Data items
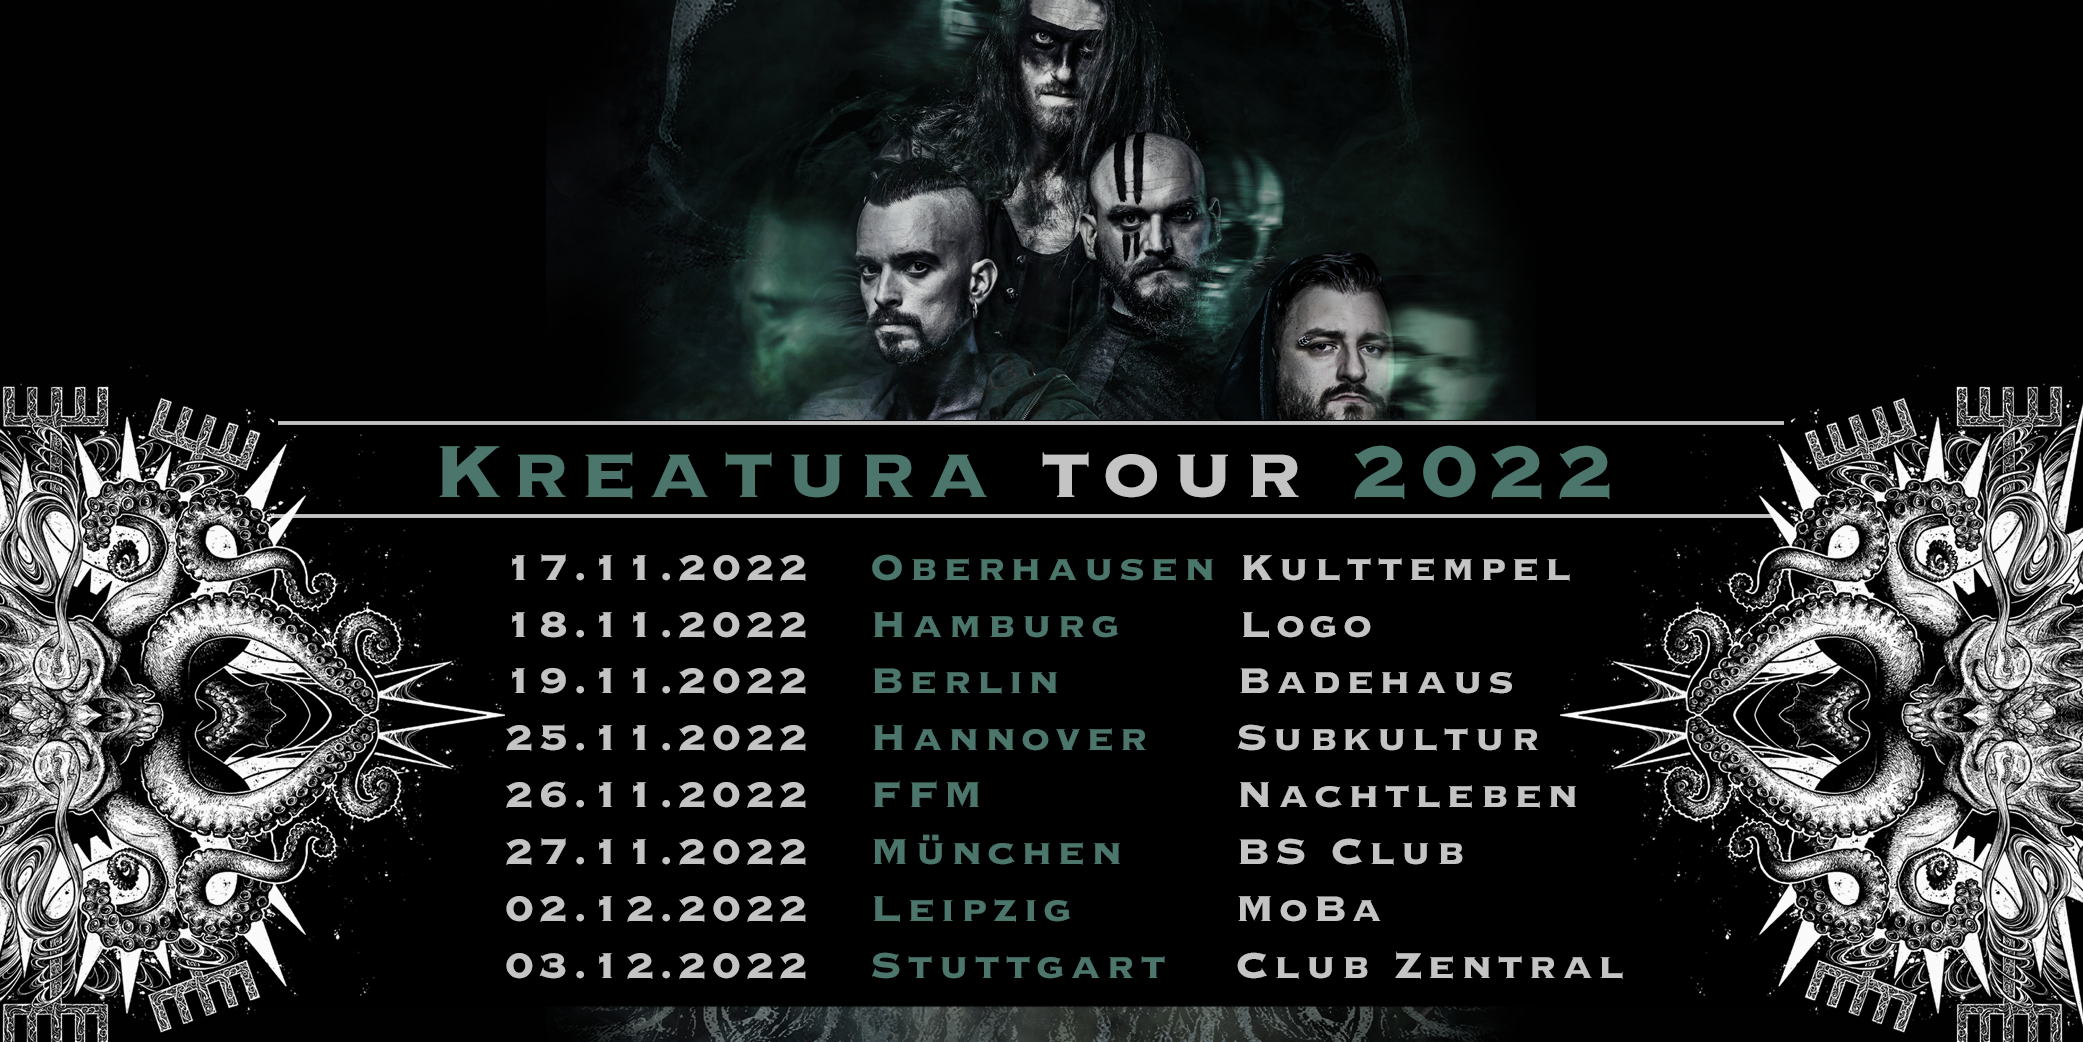 manntra-kroatische-metalband-auf-kreatura-headlinertour-durch-deutschland
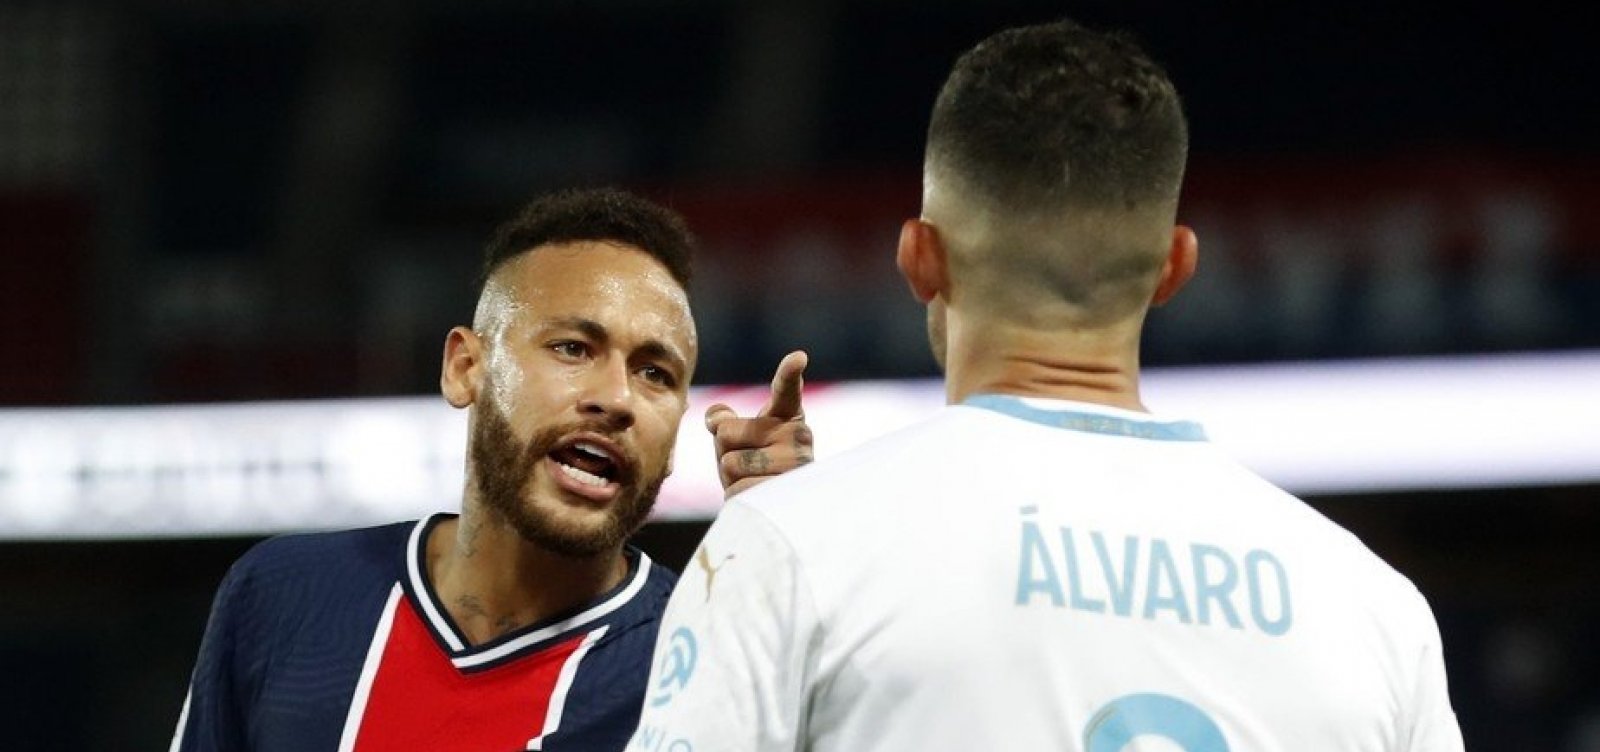 Expulso, Neymar acusa adversário de racismo: 'Único arrependimento que tenho é por não ter dado na cara desse babaca'
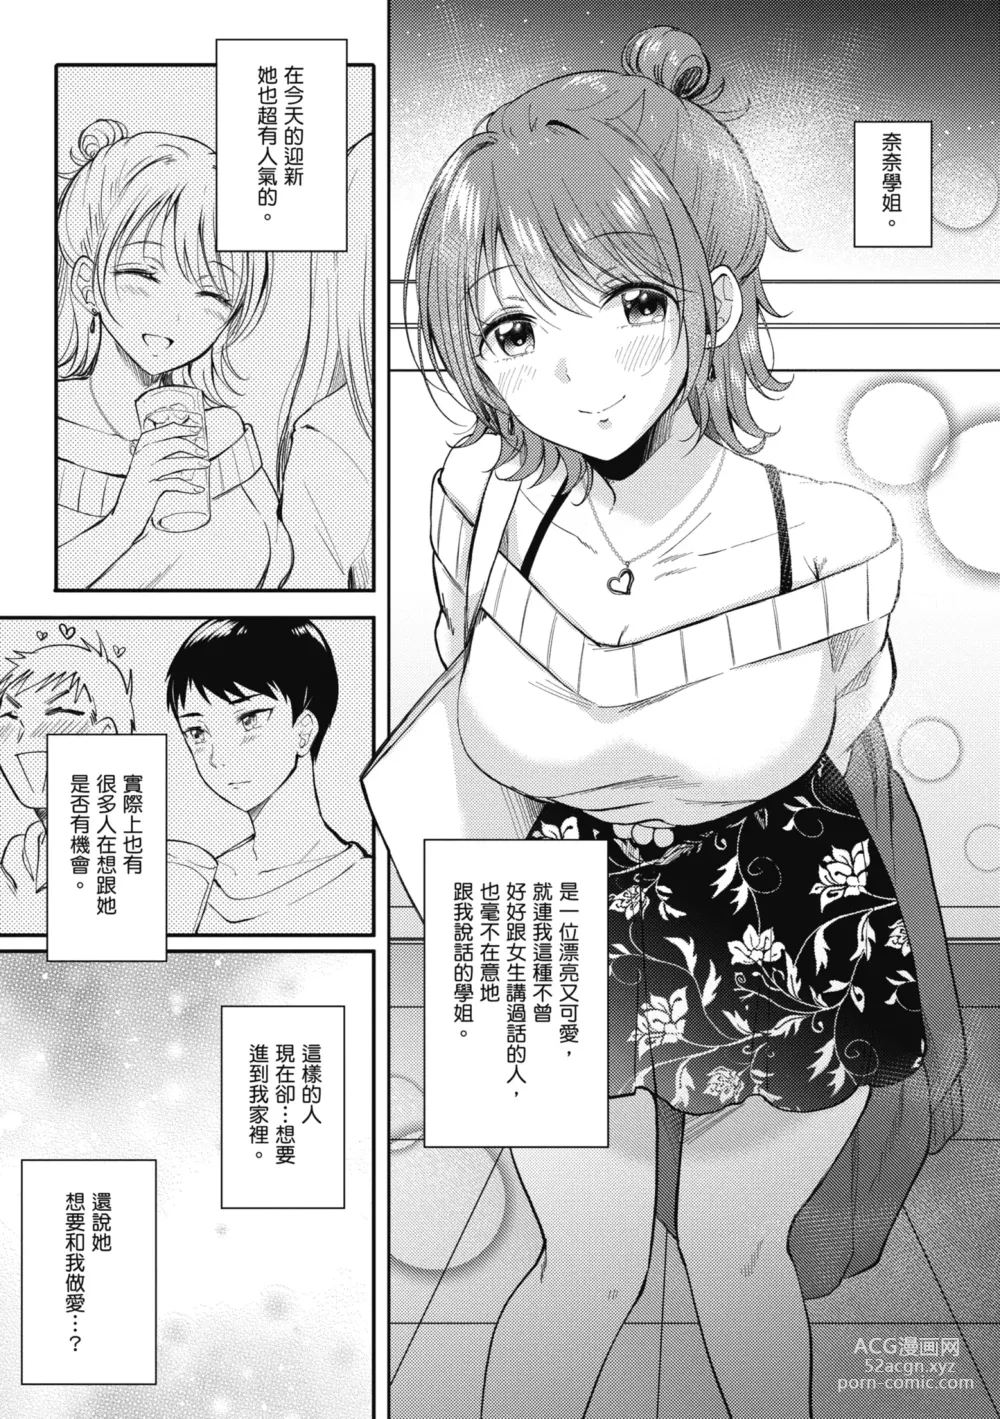 Page 7 of manga 學姐是我的炮友
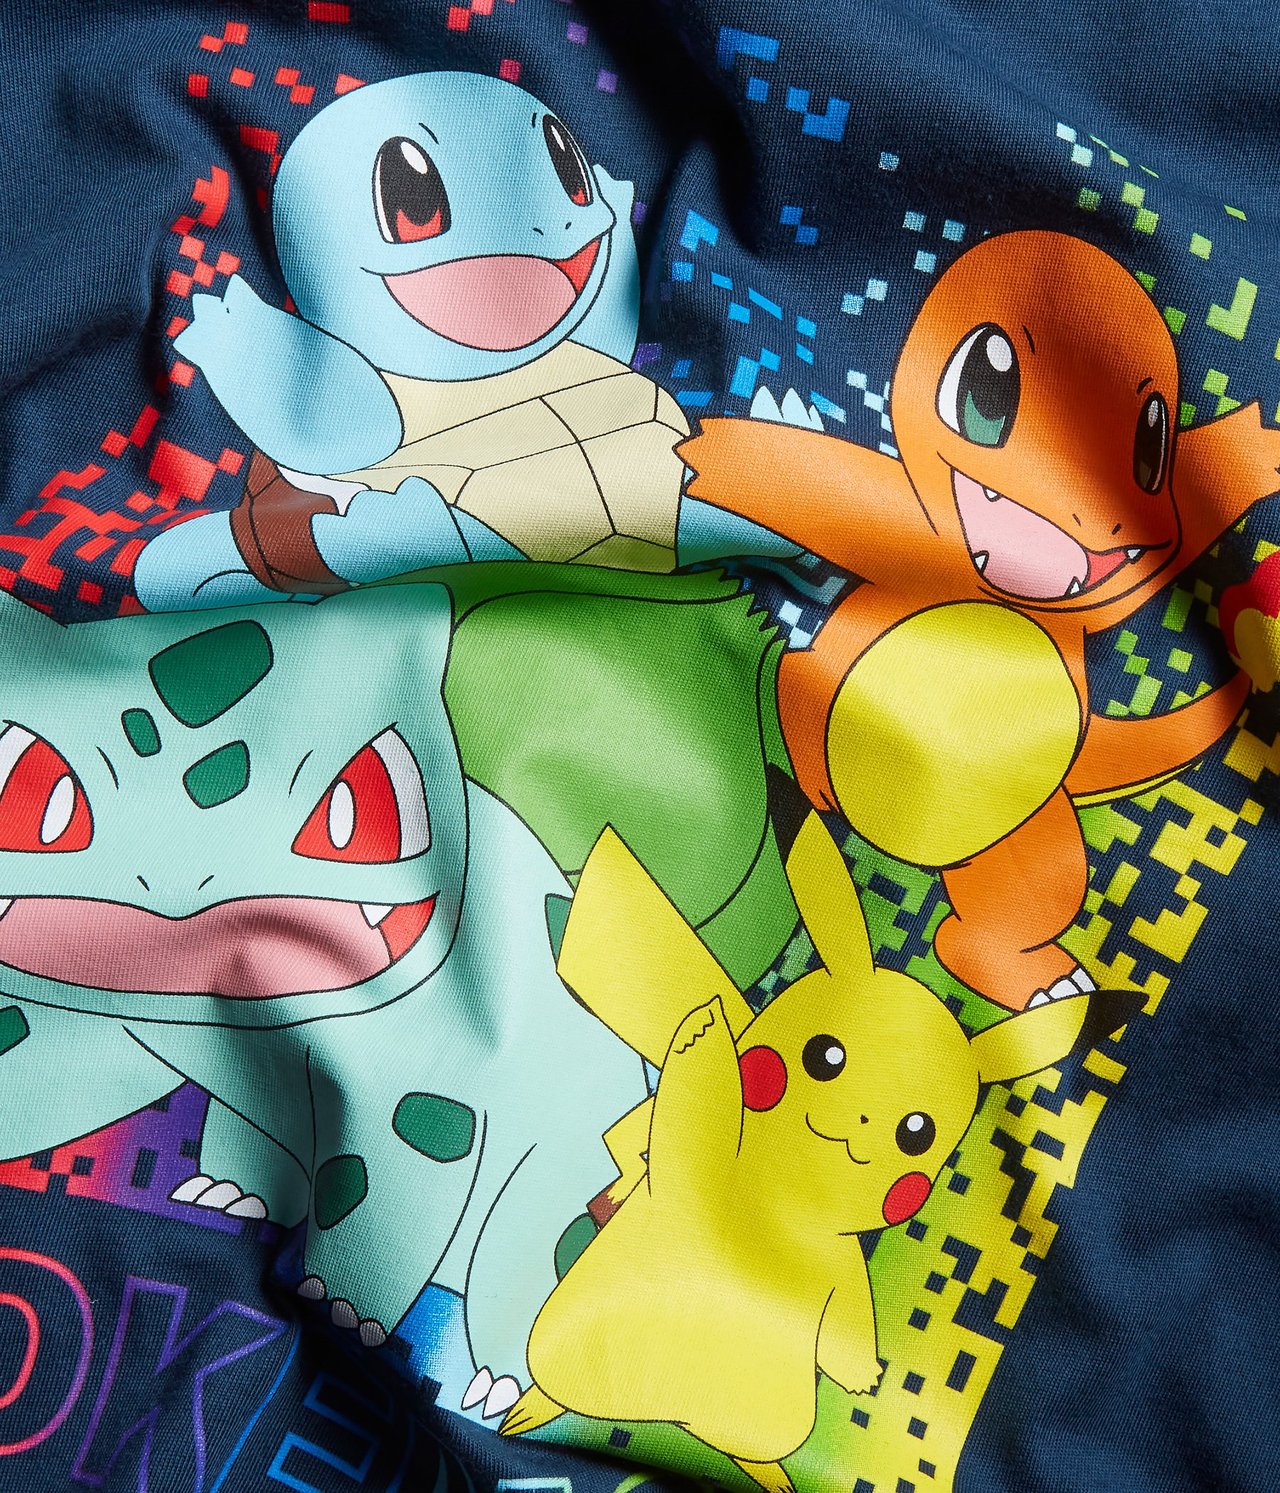 T-shirt Pokémon Mörkblå - null - 4
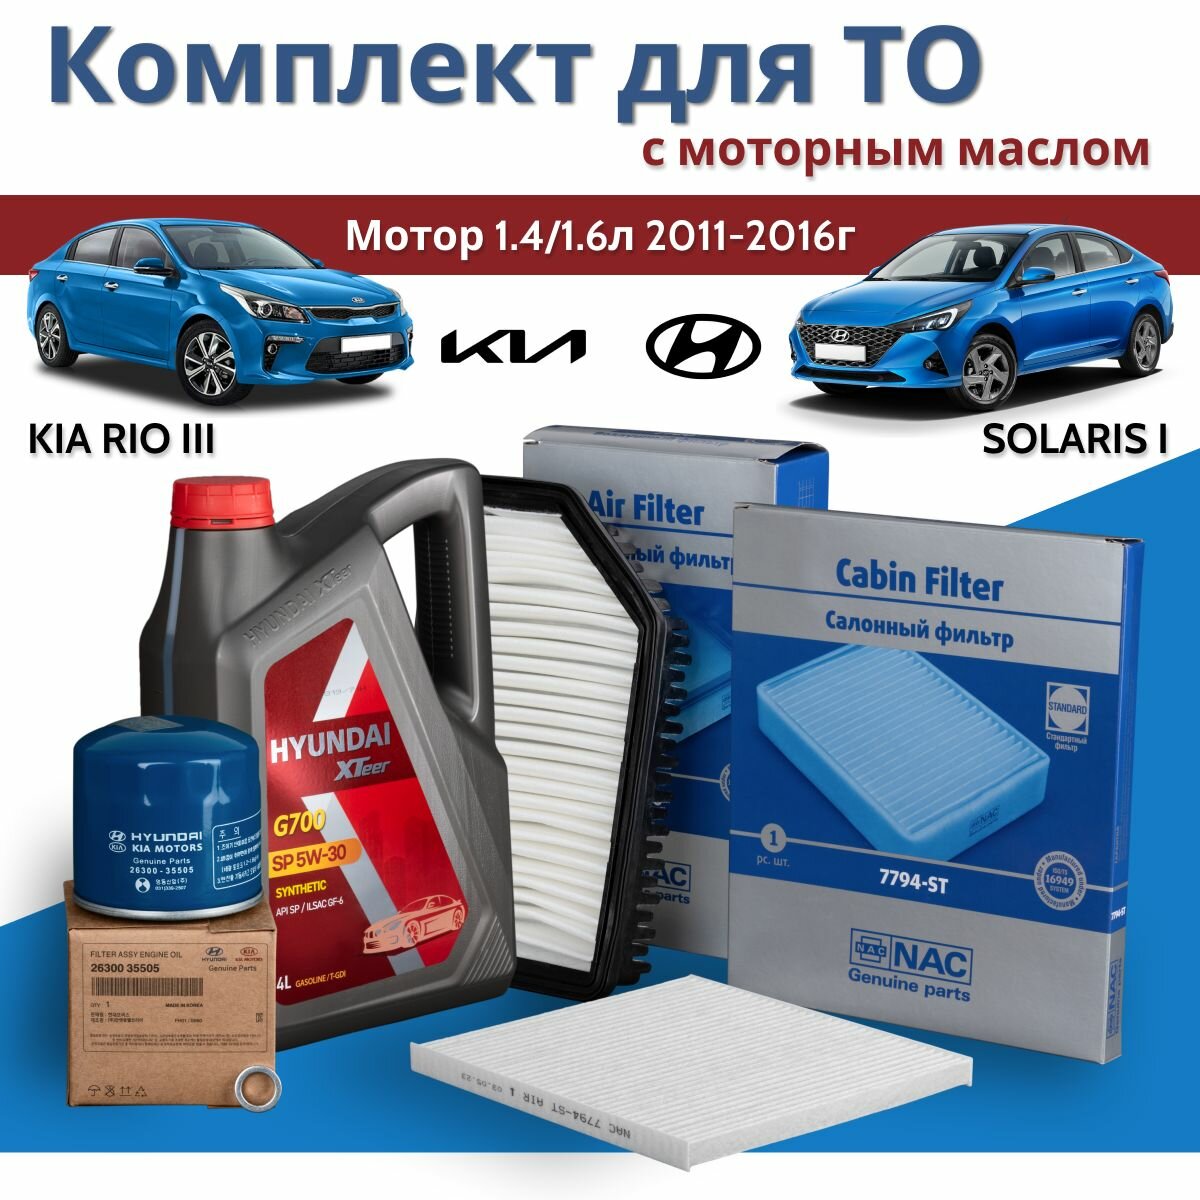 Комплект фильтров для Hyundai Solaris I (Хендай Солярис 1)/ Kia Rio III (Киа Рио 3) с двигателями 1.4 и 1.6 2011-2016 г. в. с моторным маслом 5W-30 Hyundai XTeer G700 4 л

Task to carry out → Could the data above be copied out exactly, with no pictures kept?

Response to this exercise →
 manntra-kroatische-metalband-auf-kreatura-headlinertour-durch-deutschland
 Expulso, Neymar acusa adversário de racismo: 'Único arrependimento que tenho é por não ter dado na cara desse babaca'
 Page 7 of manga 學姐是我的炮友
 T-shirt Pokémon Mörkblå - null - 4
 Комплект фильтров для Hyundai Solaris I (Хендай Солярис 1)/ Kia Rio III (Киа Рио 3) с двигателями 1.4 и 1.6 2011-2016 г. в. с моторным маслом 5W-30 Hyundai XTeer G700 4 л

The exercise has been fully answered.